Sensible legal goal, once patients get it nailed down (in court?) -- If a patient refused a new improved fracture cast, leaving only an old model wrap an option, a doctor could not ethically refuse to offer the old style -- drug ditto: doctors should not be allowed to refuse Zolpidem if it is the only sleep aid patients will accept – not if the patient would be better off with Zolpidem than without it.  Goal #1!

Why do doctors today feel so ethically free to abandon insomniacs -- who will accept only Zolpidem – to no treatment at all?  

I suspect it has to do with the incorporality of insomnia – it fails to light up their “midbrain radar" (that even migraine headaches show up on).  They can’t measure it, can’t weigh it, can’t take its temperature, can't sew it up, no idea where to put it back.  :-)
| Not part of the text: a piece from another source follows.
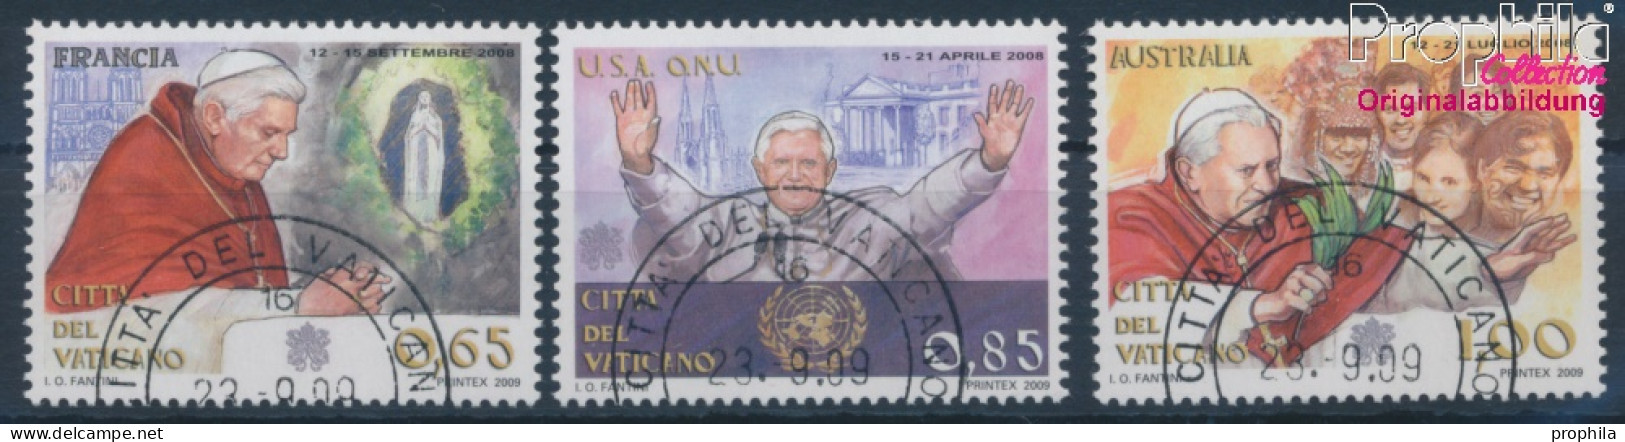 Vatikanstadt 1645-1647 (kompl.Ausg.) Gestempelt 2009 Papstreisen 2008 (10352414 - Used Stamps

I recommend that insomniac patients make journals, day-by-day of their struggles living without Zolpidem – with or without substitutes.  30 day, 60 day, 90 day journals – will hopefully get past physicians' motivation-gates -- with the tale that insomniac patients have a deeply unhealthy condition that MUST be dealt with.

Typical trouble day: At 10:30AM, will need to drive mother downtown.  No antihistamine in the middle of the night (main effect lasts 4 hours, unsafe driving, hours longer).  Zolpidem would act for 2 hours after first 5 hours sleep (25 minute wait, 45 minutes sedated—can think if I wish to, 50 minutes more coming out of it), waking fit as a fiddle.   Couldn’t sleep -- took Trazodone, barely able to drive, barely safely.

Once we nail down patients' legally and ethically entitled choice – not to exist in an antihistamine numbness or
a permanent drug hangover or no drug at all brain fog – because the medical profession is afraid we might slip and fall – then, we can spread the word to every civil law firm in the country – and get our lives back!!!